しかし、本当の危機はメンフィスで起きていた。スターライト・ランブラーズThe Starlite Ramblers(スターライト・ラングラーズThe Starlite Wraglersの間違いか?)という地方のカントリー・バンド出身の一人のギタリストが、メンフィス・レコーディング・サービスMemphis Recording Serviceによく出入りしていて、サム・フィリップSam Phillipsが気に入っていた。
それはスコッティ・ムーアScotty Mooreと言い、まったくの独学ながらジャズをやりたいという野望を抱いていて、サムと同様に、何か新しいことが将来起こるだろうという直感があり、コーヒーを飲みながらそんなことを語り合った。
サムはスターライト・ランブラーズのシングルを出し、ほとんどのメンフィスのカントリー・ミュージックと同様に売れなかったが、スコッティは出入りを続けた。
結局、誰かが、バンドを探している子のことを口に出したが、その子とはエルビス・プレスリーElvis Presleyで、スコッティは歌を聞きたいと言い出した。
ランブラーズのベース演奏者、ビル・ブラックBill Blackは、2軒離れた所に住んでいて、スコッティは、その子と一緒に演奏しようと誘った。
7月4日、エルビスはムーアの家に現れ、ビルもやって来て、3人は一緒に数曲演奏した。
曲の間に、ビルはテキサスに引っ越した弟のジョニーと、エルビスが知り合いであることを知った。彼らはもう何曲かのんびりと一緒に演奏して、エルビスは帰って行った。スコッティはサムに電話をかけて、エルビスのことを、「たいしたことは無いけど、声は良い」と話した。サムは、テープに録音すると違って聞こえる人がいるので、レコーディングさせるといいかもしれないと考えた。彼らはスタディオで会う約束をし、ビル・ブラックも来ることに同意して、翌日午後7時に、スコッティ、ビル、エルビス、サムが集まり、少し話をした後、テープを回した。
彼らは、アーネスト・タブErnest Tubbのヒット曲「アイ・ラブ・ユー・ビコーズ I Love You Because」を何回か録音してみた。
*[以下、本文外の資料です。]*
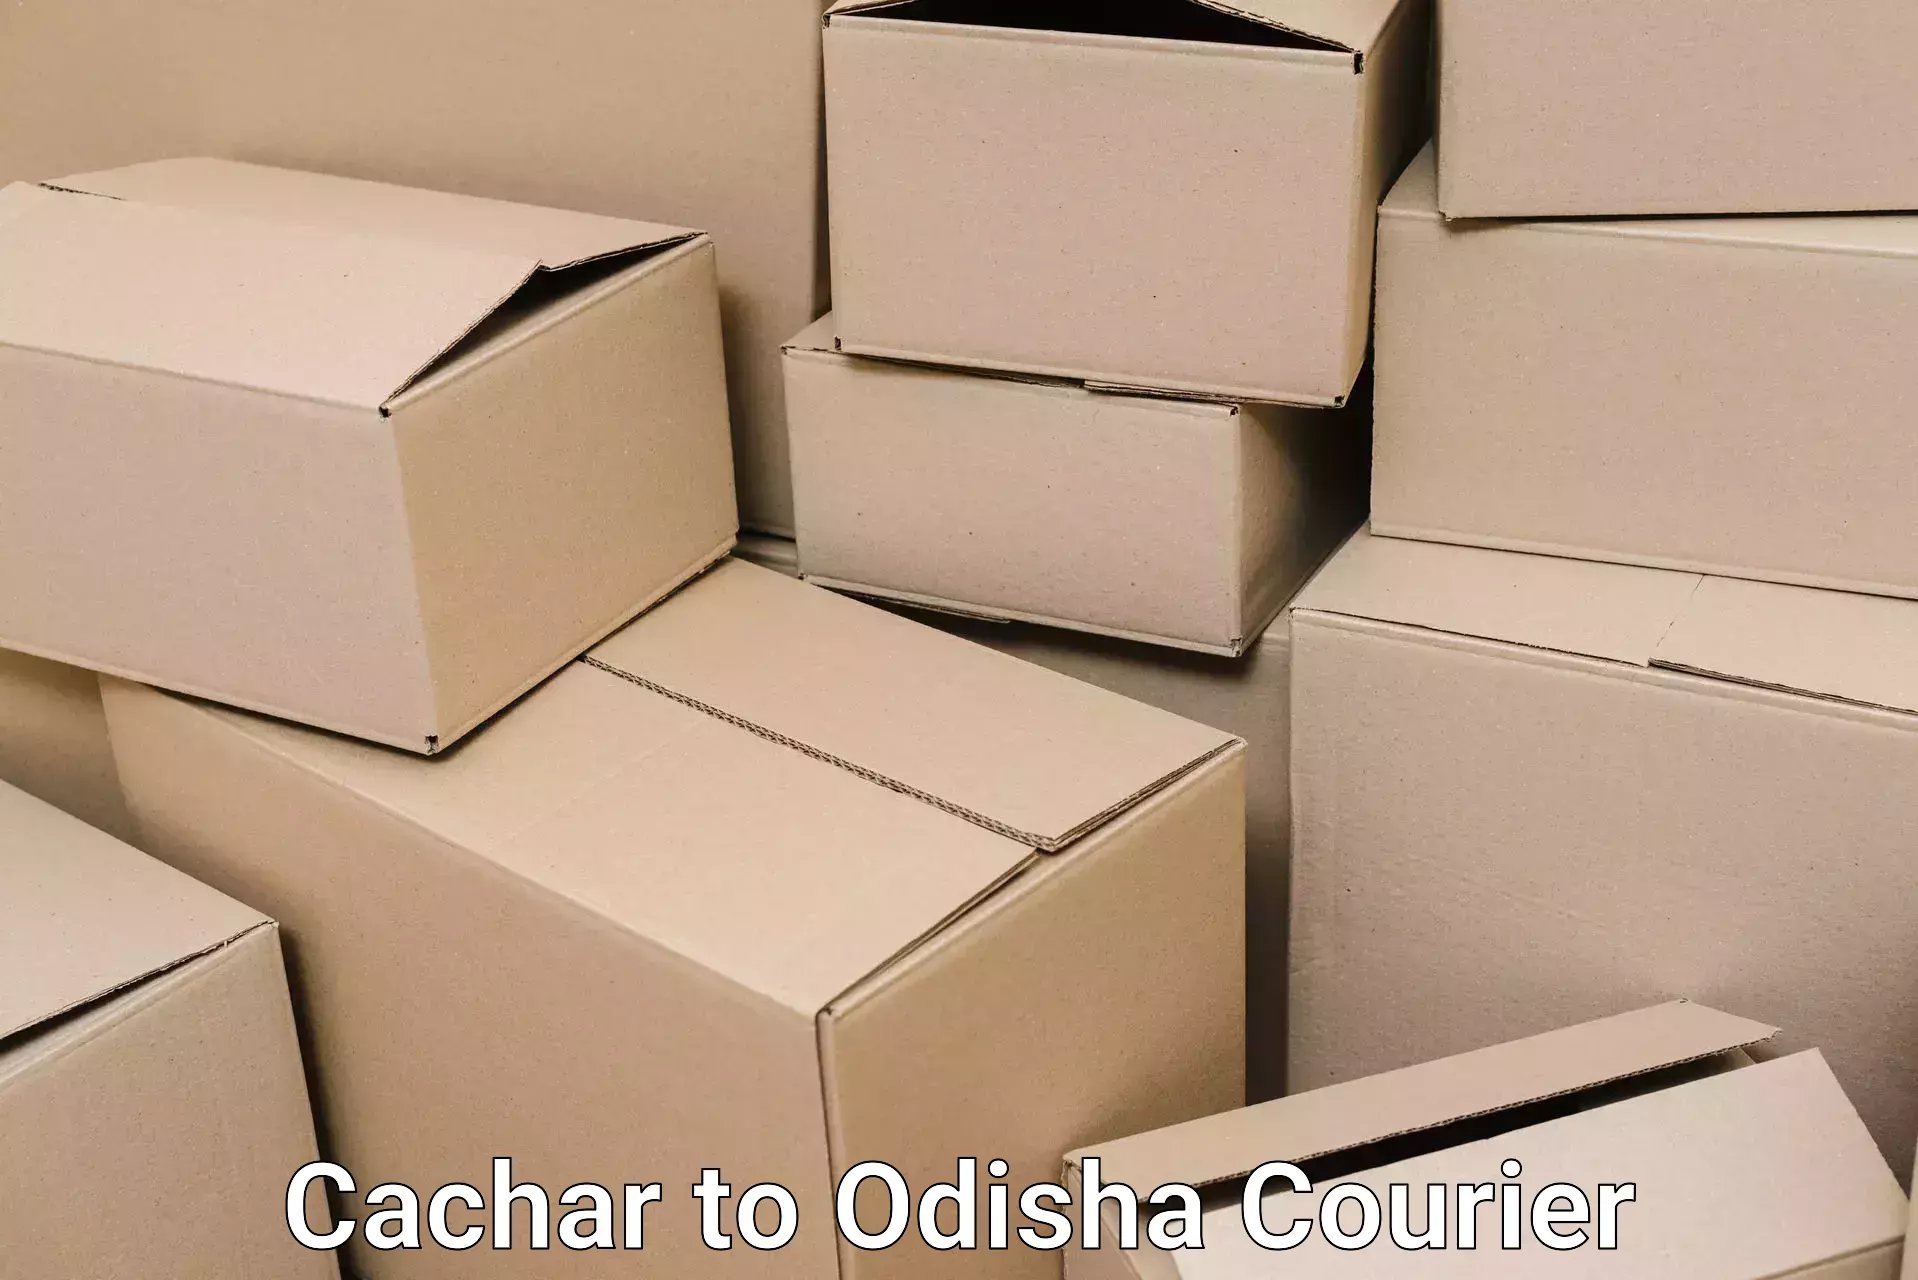 Efficient packing services Cachar to Udala

ゆったりと歌うバラードで、声はしっかりし、エルビスはバラード・シンガーだとサムは確信したものの、それはサムが探していたものではなかった。数時間が経ち、すると、あることが起こった。エルビスは、おそらく極度に神経が高ぶって、以前から演奏していたある曲をガンガン歌い始めたのだが、それは1940年代にブルース演奏者のアーサー・クルーダップArthur Crudupが、ブルーバード・レコードBluebird recordsで録音した自作の「ザッツ・オール・ライトThat’s All Right(Mama)」だった。
エルビスは、「スタディオ中をジャンプし、全くばかみたいに動いていた。そして、ビルはベースをたたき始め、僕も加わった。ただ大騒ぎしているだけだと思ったんだ。調整室への扉が開いていて、騒いでいる途中でサムが走って来て、『いったい何をしてるんだ?』と言った。僕たちは『分からない。』と言った。『それじゃあ、さっさと正気に戻れ。通しでやって、テープに録音しよう。』それで、分かっている限りたった今やったことを繰り返して全部演奏した。」さて、これは興味深いことだった。あとはもう1曲だけ録音すれば良くて、それでレコードができる。